-- Given data follows --

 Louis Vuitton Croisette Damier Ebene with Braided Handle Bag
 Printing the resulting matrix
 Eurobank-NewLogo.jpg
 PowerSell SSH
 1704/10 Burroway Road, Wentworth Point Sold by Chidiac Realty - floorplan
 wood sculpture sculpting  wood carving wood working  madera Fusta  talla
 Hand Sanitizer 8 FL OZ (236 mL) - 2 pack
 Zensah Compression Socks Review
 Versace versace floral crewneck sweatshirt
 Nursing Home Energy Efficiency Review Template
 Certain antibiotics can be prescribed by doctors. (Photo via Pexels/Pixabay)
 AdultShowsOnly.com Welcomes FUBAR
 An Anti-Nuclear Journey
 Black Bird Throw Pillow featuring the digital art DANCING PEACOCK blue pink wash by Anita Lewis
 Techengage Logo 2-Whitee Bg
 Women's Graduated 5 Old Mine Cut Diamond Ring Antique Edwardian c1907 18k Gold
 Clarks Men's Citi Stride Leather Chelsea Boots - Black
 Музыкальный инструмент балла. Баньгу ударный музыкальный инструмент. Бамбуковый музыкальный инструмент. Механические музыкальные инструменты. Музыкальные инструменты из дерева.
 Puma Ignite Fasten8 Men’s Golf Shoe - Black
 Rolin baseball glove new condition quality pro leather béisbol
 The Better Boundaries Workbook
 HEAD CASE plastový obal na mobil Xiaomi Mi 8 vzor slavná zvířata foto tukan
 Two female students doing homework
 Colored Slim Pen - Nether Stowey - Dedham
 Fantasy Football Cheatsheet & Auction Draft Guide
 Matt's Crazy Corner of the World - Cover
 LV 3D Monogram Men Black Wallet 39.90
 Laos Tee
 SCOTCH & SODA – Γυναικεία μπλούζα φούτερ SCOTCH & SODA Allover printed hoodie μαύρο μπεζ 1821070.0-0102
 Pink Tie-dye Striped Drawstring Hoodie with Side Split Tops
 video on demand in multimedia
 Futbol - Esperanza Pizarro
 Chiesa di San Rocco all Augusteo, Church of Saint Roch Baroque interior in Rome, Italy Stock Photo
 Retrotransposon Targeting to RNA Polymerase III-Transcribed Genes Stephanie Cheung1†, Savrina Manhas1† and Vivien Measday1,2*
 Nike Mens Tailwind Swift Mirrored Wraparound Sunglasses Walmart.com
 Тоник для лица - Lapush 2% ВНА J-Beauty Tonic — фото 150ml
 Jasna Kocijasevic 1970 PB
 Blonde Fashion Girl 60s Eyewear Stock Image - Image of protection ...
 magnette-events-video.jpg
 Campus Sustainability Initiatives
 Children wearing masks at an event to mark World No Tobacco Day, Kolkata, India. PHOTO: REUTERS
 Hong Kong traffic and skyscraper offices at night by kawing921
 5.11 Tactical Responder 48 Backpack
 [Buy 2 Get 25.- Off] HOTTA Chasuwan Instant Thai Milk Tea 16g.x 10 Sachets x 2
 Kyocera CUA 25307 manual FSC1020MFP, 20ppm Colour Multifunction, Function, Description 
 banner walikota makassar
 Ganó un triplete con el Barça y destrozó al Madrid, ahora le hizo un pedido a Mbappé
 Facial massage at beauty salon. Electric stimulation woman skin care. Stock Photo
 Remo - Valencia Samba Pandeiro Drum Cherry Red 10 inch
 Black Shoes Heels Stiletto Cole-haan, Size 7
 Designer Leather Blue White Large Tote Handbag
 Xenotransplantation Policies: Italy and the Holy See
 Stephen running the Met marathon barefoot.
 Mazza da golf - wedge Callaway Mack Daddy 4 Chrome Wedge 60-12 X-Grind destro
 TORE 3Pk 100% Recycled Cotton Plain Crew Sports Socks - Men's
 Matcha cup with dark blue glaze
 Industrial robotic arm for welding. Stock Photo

-- Given data concluded --

* [Your objective]
Repeat the listing. Keep each line precisely as shown.

* [Answer section]
 Louis Vuitton Croisette Damier Ebene with Braided Handle Bag
 Printing the resulting matrix
 Eurobank-NewLogo.jpg
 PowerSell SSH
 1704/10 Burroway Road, Wentworth Point Sold by Chidiac Realty - floorplan
 wood sculpture sculpting  wood carving wood working  madera Fusta  talla
 Hand Sanitizer 8 FL OZ (236 mL) - 2 pack
 Zensah Compression Socks Review
 Versace versace floral crewneck sweatshirt
 Nursing Home Energy Efficiency Review Template
 Certain antibiotics can be prescribed by doctors. (Photo via Pexels/Pixabay)
 AdultShowsOnly.com Welcomes FUBAR
 An Anti-Nuclear Journey
 Black Bird Throw Pillow featuring the digital art DANCING PEACOCK blue pink wash by Anita Lewis
 Techengage Logo 2-Whitee Bg
 Women's Graduated 5 Old Mine Cut Diamond Ring Antique Edwardian c1907 18k Gold
 Clarks Men's Citi Stride Leather Chelsea Boots - Black
 Музыкальный инструмент балла. Баньгу ударный музыкальный инструмент. Бамбуковый музыкальный инструмент. Механические музыкальные инструменты. Музыкальные инструменты из дерева.
 Puma Ignite Fasten8 Men’s Golf Shoe - Black
 Rolin baseball glove new condition quality pro leather béisbol
 The Better Boundaries Workbook
 HEAD CASE plastový obal na mobil Xiaomi Mi 8 vzor slavná zvířata foto tukan
 Two female students doing homework
 Colored Slim Pen - Nether Stowey - Dedham
 Fantasy Football Cheatsheet & Auction Draft Guide
 Matt's Crazy Corner of the World - Cover
 LV 3D Monogram Men Black Wallet 39.90
 Laos Tee
 SCOTCH & SODA – Γυναικεία μπλούζα φούτερ SCOTCH & SODA Allover printed hoodie μαύρο μπεζ 1821070.0-0102
 Pink Tie-dye Striped Drawstring Hoodie with Side Split Tops
 video on demand in multimedia
 Futbol - Esperanza Pizarro
 Chiesa di San Rocco all Augusteo, Church of Saint Roch Baroque interior in Rome, Italy Stock Photo
 Retrotransposon Targeting to RNA Polymerase III-Transcribed Genes Stephanie Cheung1†, Savrina Manhas1† and Vivien Measday1,2*
 Nike Mens Tailwind Swift Mirrored Wraparound Sunglasses Walmart.com
 Тоник для лица - Lapush 2% ВНА J-Beauty Tonic — фото 150ml
 Jasna Kocijasevic 1970 PB
 Blonde Fashion Girl 60s Eyewear Stock Image - Image of protection ...
 magnette-events-video.jpg
 Campus Sustainability Initiatives
 Children wearing masks at an event to mark World No Tobacco Day, Kolkata, India. PHOTO: REUTERS
 Hong Kong traffic and skyscraper offices at night by kawing921
 5.11 Tactical Responder 48 Backpack
 [Buy 2 Get 25.- Off] HOTTA Chasuwan Instant Thai Milk Tea 16g.x 10 Sachets x 2
 Kyocera CUA 25307 manual FSC1020MFP, 20ppm Colour Multifunction, Function, Description 
 banner walikota makassar
 Ganó un triplete con el Barça y destrozó al Madrid, ahora le hizo un pedido a Mbappé
 Facial massage at beauty salon. Electric stimulation woman skin care. Stock Photo
 Remo - Valencia Samba Pandeiro Drum Cherry Red 10 inch
 Black Shoes Heels Stiletto Cole-haan, Size 7
 Designer Leather Blue White Large Tote Handbag
 Xenotransplantation Policies: Italy and the Holy See
 Stephen running the Met marathon barefoot.
 Mazza da golf - wedge Callaway Mack Daddy 4 Chrome Wedge 60-12 X-Grind destro
 TORE 3Pk 100% Recycled Cotton Plain Crew Sports Socks - Men's
 Matcha cup with dark blue glaze
 Industrial robotic arm for welding. Stock Photo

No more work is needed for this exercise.